Records provided:
»»

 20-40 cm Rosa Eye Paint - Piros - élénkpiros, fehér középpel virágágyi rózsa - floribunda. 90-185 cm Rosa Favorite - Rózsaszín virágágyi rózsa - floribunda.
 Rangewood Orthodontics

««
»»

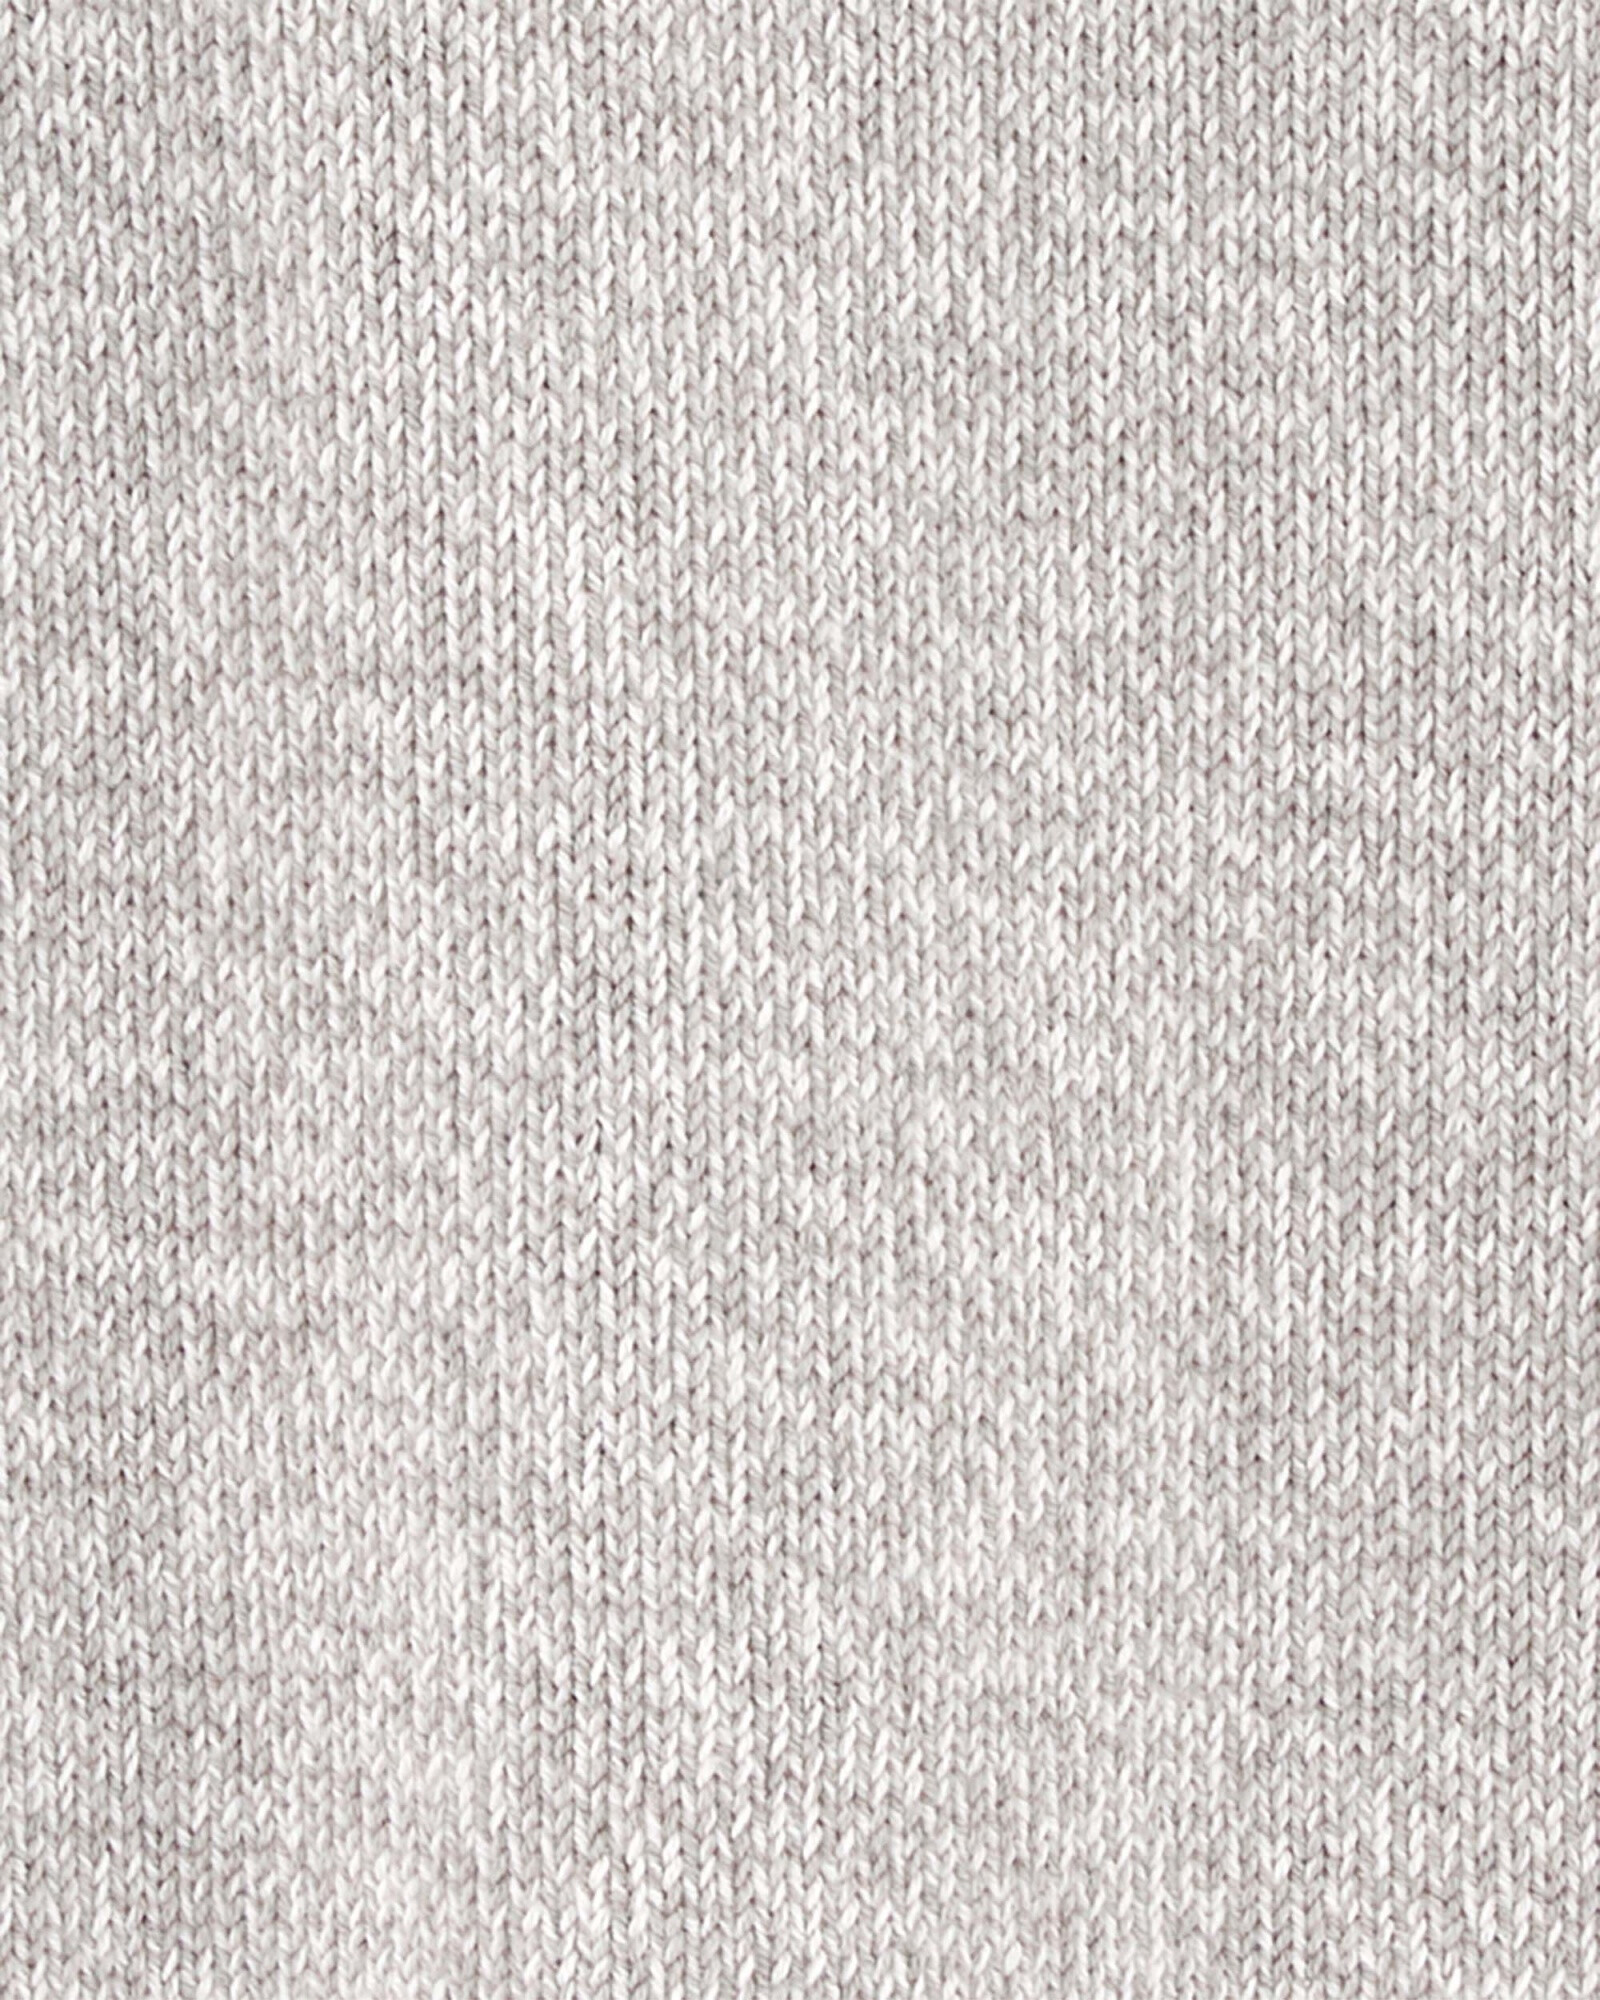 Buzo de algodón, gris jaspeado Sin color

««

Exercise brief: The required output is the stretch of entries above from the line containing "20-40 cm Rosa" through the line containing "Rangewood Orthodontics", reproduced exactly.

Expected answer:
 20-40 cm Rosa Eye Paint - Piros - élénkpiros, fehér középpel virágágyi rózsa - floribunda. 90-185 cm Rosa Favorite - Rózsaszín virágágyi rózsa - floribunda.
 Rangewood Orthodontics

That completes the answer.